As a multifunctional transcription regulator, NF-κB signaling commonly exists in eukaryotic cells. The activation of NF-κB occurs by preferentially provoking the phosphorylation of the IKKs. IKKs will then activate IĸBα phosphorylation. Consequently, the dissociated form of phosphorylated IĸBα is accumulated and degraded by the proteasome. NF-κB subunits (p65 and p50) are then released and entered into the nucleus, binding with DNA (Nie ; Liu ). NF-κB signaling pathway plays a crucial role in mediating the biological functions relating to immunity and inflammations (Huang ; Lee ; Shang ). Under the pathological conditions of airway epithelial cells, NF-κB is involved in hypersecretion of mucin and regulation of activity of cytokine (Liu ). Also, in patients suffering from asthma, activation of NF-κB can be abnormal (Huang ). It has been reported that the gene expression of MUC5AC mucin might be evoked by the inflammatory mediators which induce the activity of the transcription factors including NF-κB (Fujisawa ; Kurakula ; Garvin ). It has been well-known that PMA provokes the gene expression of MUC5AC mucin, and NF-kB signaling is reported to be involved into the effect of PMA (Ishinaga ; Laos ; Wu ; Kim ).

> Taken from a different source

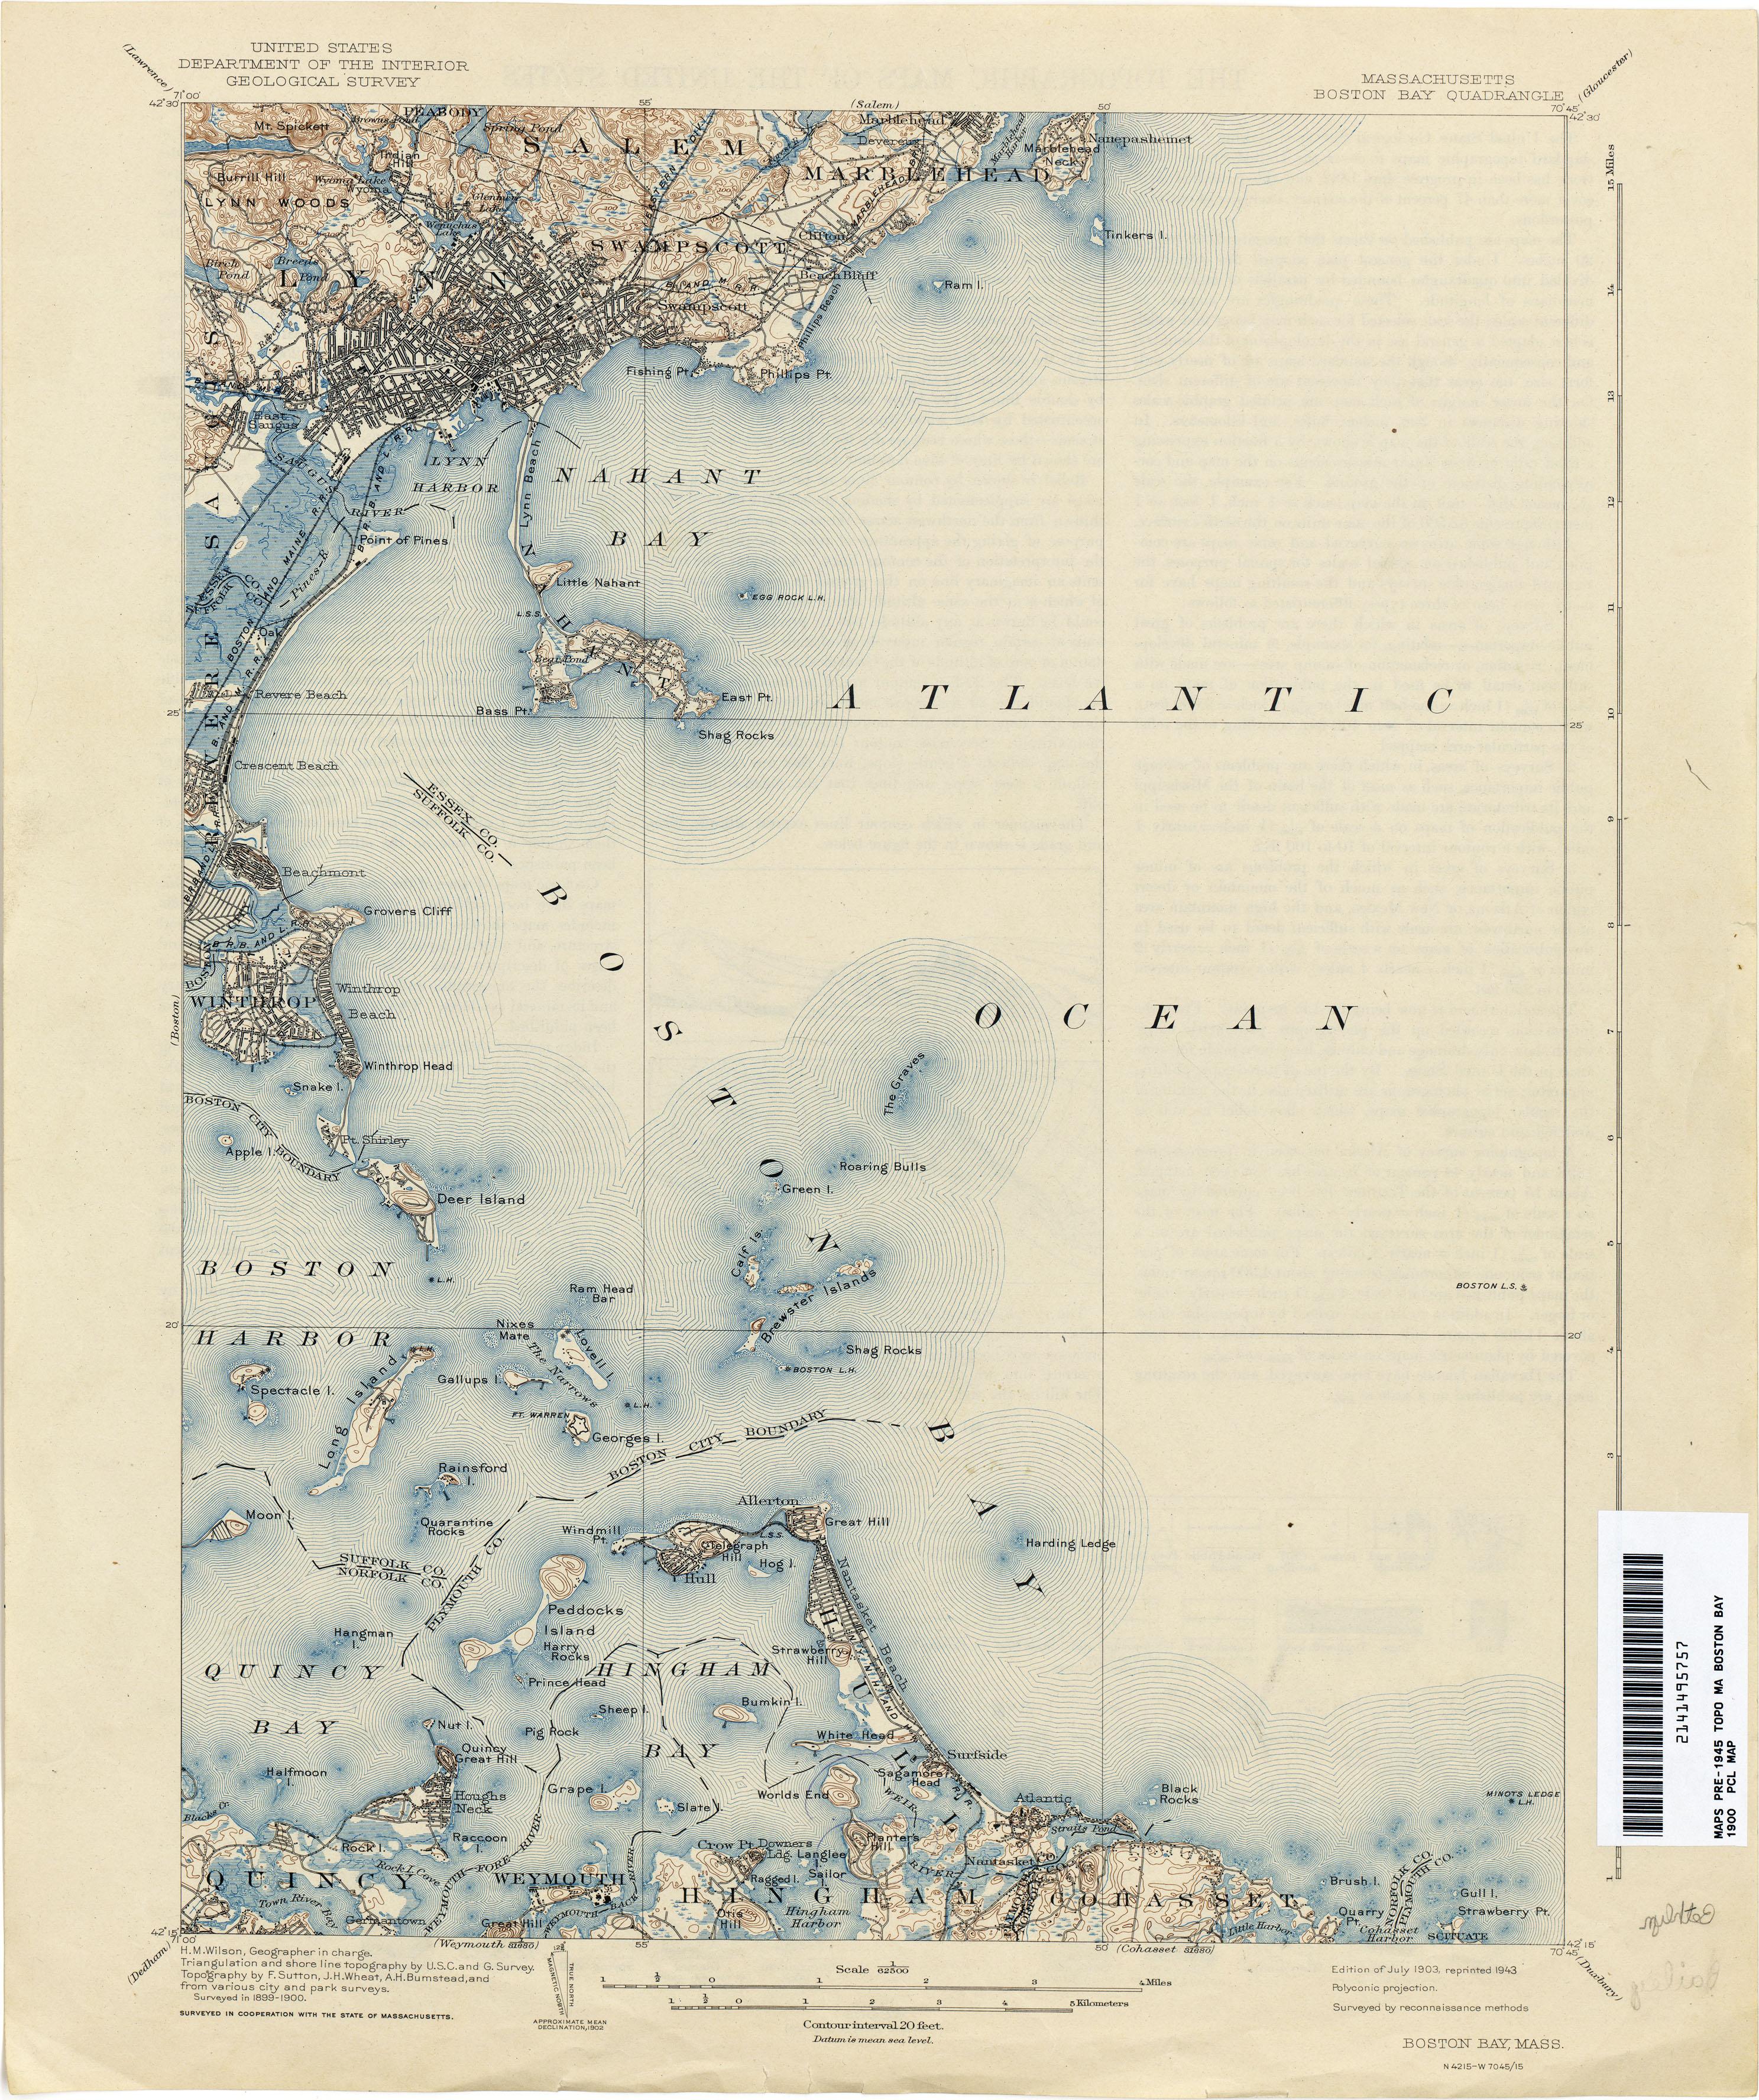 Massachusetts Historical Topographic Maps Perry Castaneda Map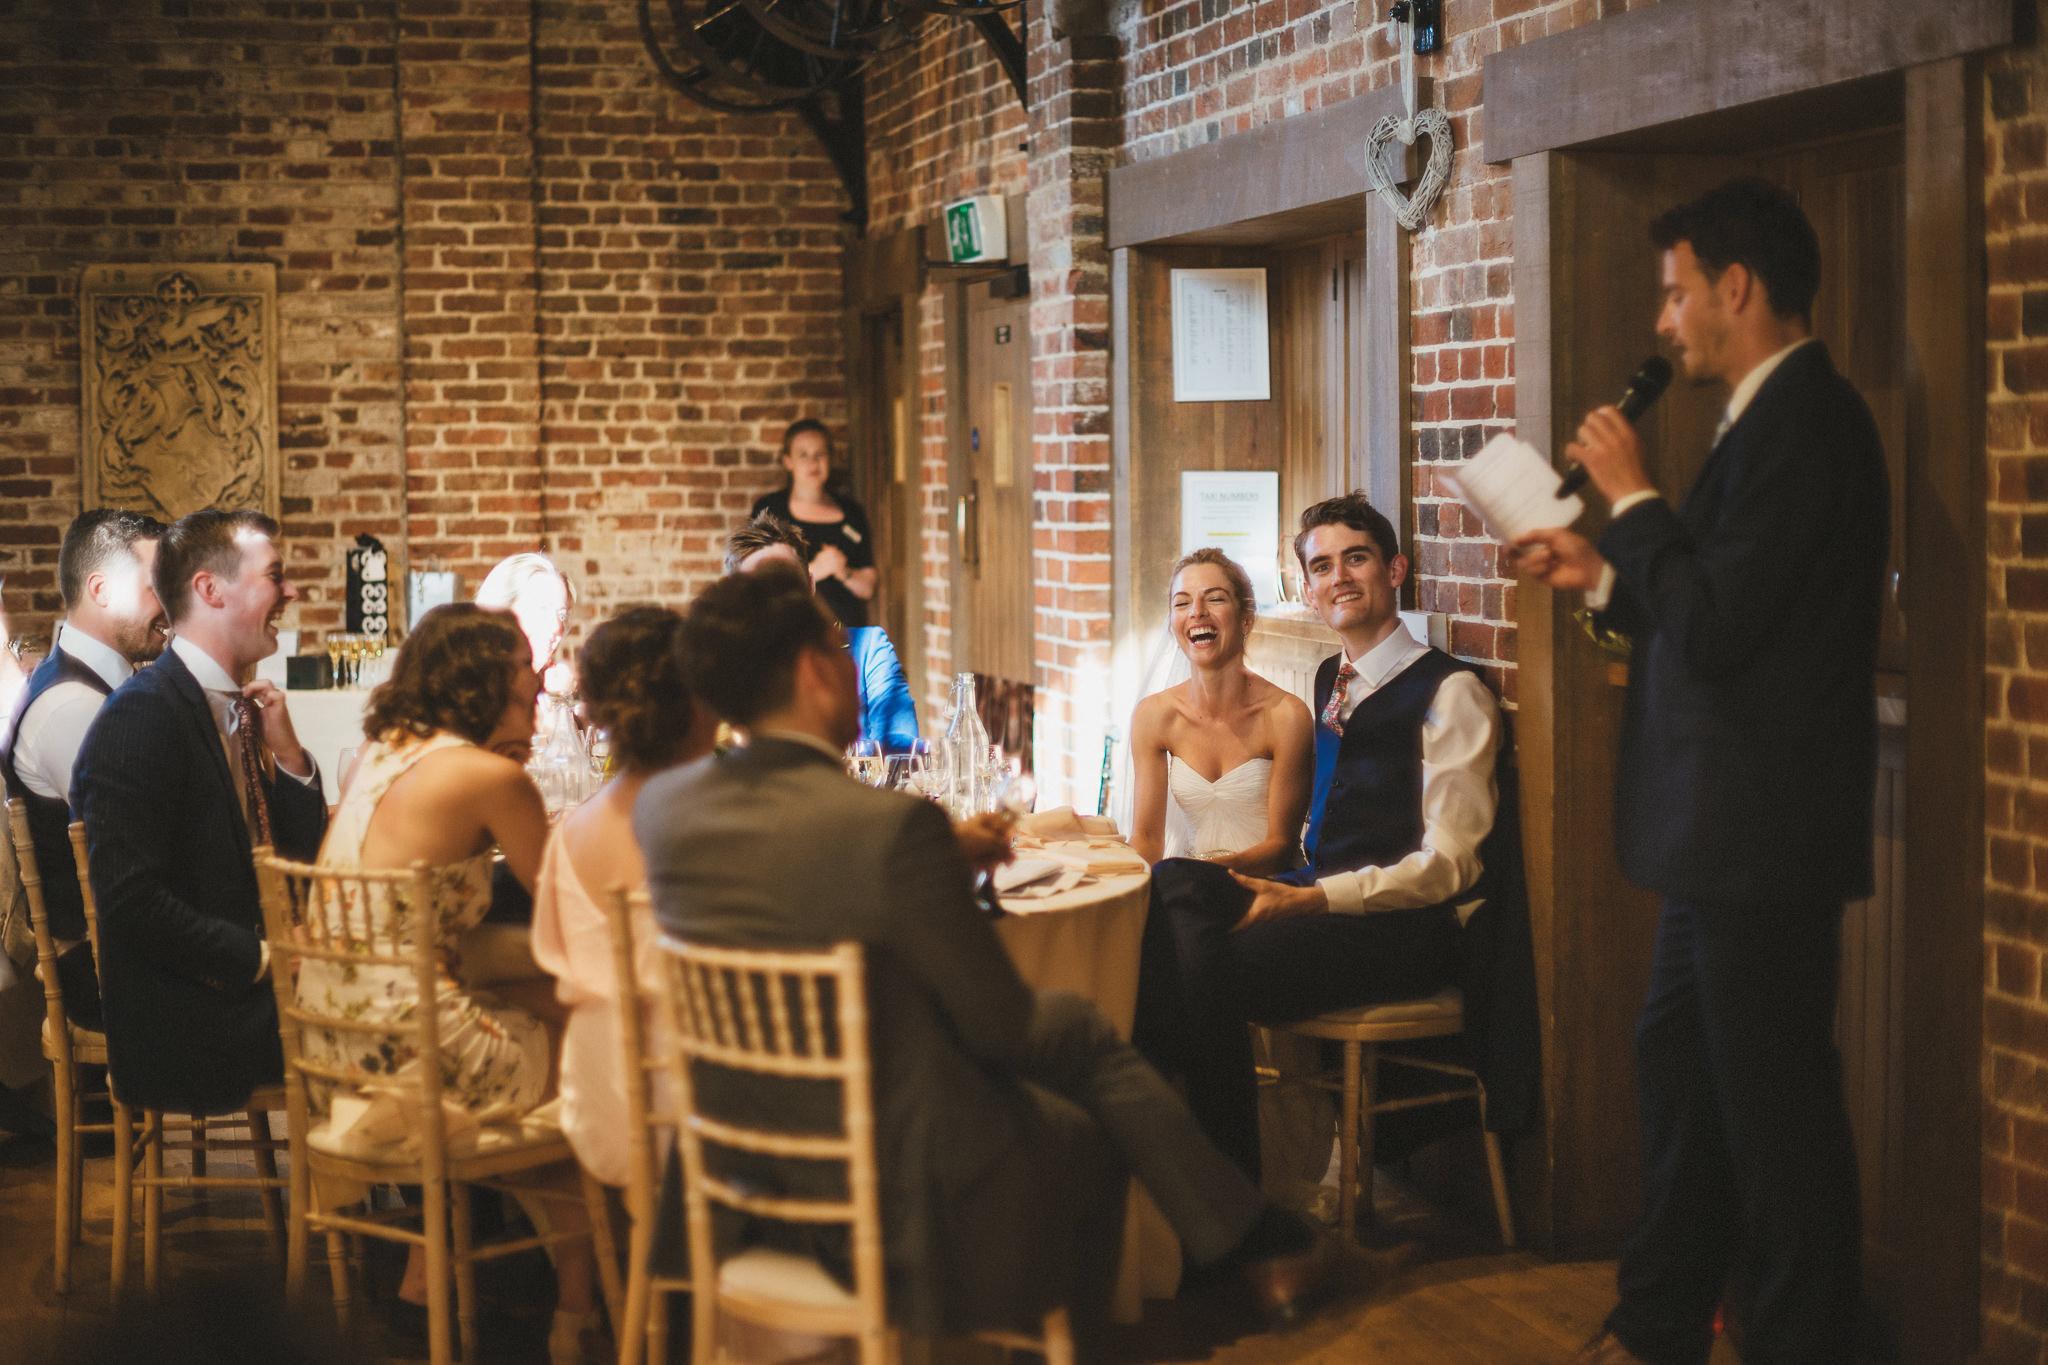 paul-marbrook-Gaynes-Park Wedding-Photographer-90121

In the current study, as can be seen in results, engeletin suppressed the phosphorylation and nuclear translocation of NF-κB p65 via affecting the steps of the phosphorylation and degradation of IκBα, in human airway epithelial cells (Fig. 4, 5). Thus, the pharmacological action of engeletin on MUC5AC mucin gene expression might be exerted, at least partly, via mitigating IkBα degradation and NF-kB p65 nuclear translocation.

Collectively, the inhibitory activity of engeletin on airway mucin gene expression might be mediated by controlling PMA-stimulated IkBα degradation and NF-kB p65 nuclear translocation. These results suggest a potential of utilizing engeletin as a novel mucoregulator for inflammatory pulmonary diseases. It is desirable to modify the chemical structure of engeletin, so as to show the optimal regulating effect on the secretion and/or production of pulmonary mucus, by the optimally modified compound.